British AI pioneer Suleyman joins Microsoft

Microsoft has announced British Artificial Intelligence (AI) pioneer Mustafa Suleyman will lead its newly-formed division, Microsoft AI.

Mr Suleyman currently heads start-up Inflection AI, but is best known for co-founding AI firm DeepMind.

It was one of the UK's best known AI firms and was bought by Google in 2014.

Mr Suleyman's move cements Microsoft's reputation as a leader in AI, a field in which Google is appearing to struggle.

In a post on X, formerly Twitter, Mr Suleyman said he was "excited" to take up his new position, adding that he would be taking several colleagues to Microsoft with him, including "friend and long time collaborator" Karén Simonyan as chief scientist.

He said he would be "leading all consumer AI products and research", including the Copilot chatbot, Bing and Edge.

Microsoft boss Satya Nadella described Mr Suleyman as a "visionary, product maker, and builder of pioneering teams that go after bold missions".

"I am excited for them to contribute their knowledge, talent, and expertise to our consumer AI research and product making," he added.

After leaving Google in 2022, Mr Suleyman co-founded Inflection AI, which has emerged as one of the most high-flying names in the generative AI race after raising $1.3bn from Microsoft and Nvidia last June.

But taking up his latest position at Microsoft cements his respect in the field.

Microsoft has invested billions into its partnership with ChatGPT-maker OpenAI and recently in the French tech start-up Mistral AI.

Microsoft said it would continue to build AI infrastructure and work in support of OpenAI's "foundation model roadmap".
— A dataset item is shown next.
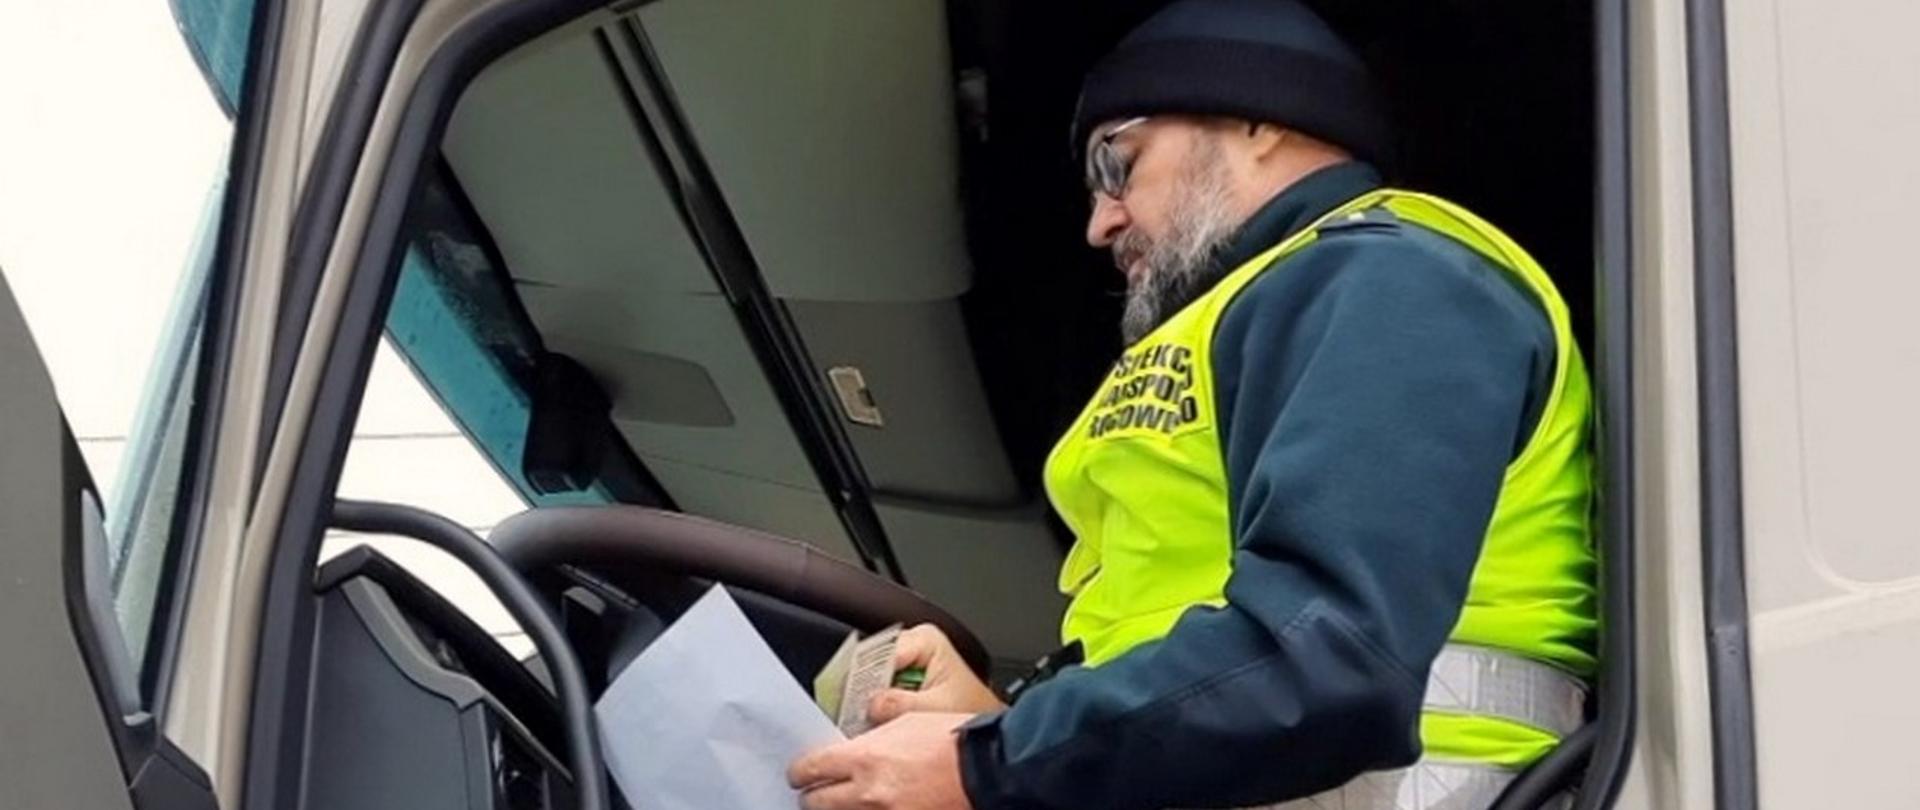 Inspektor siedzi na miejscu kierowcy w kabinie ciężarówki. W dłoni trzyma dokumenty.

It is a different picture at Google currently though. There have been a number of issues around the tech giant's new AI-powered tool, Gemini, which refused to depict white people and changed the race of certain white historical figures.

Google has apologised for "inaccuracies in some historical image generation depictions", saying its attempts at creating a "wide range" of results missed the mark.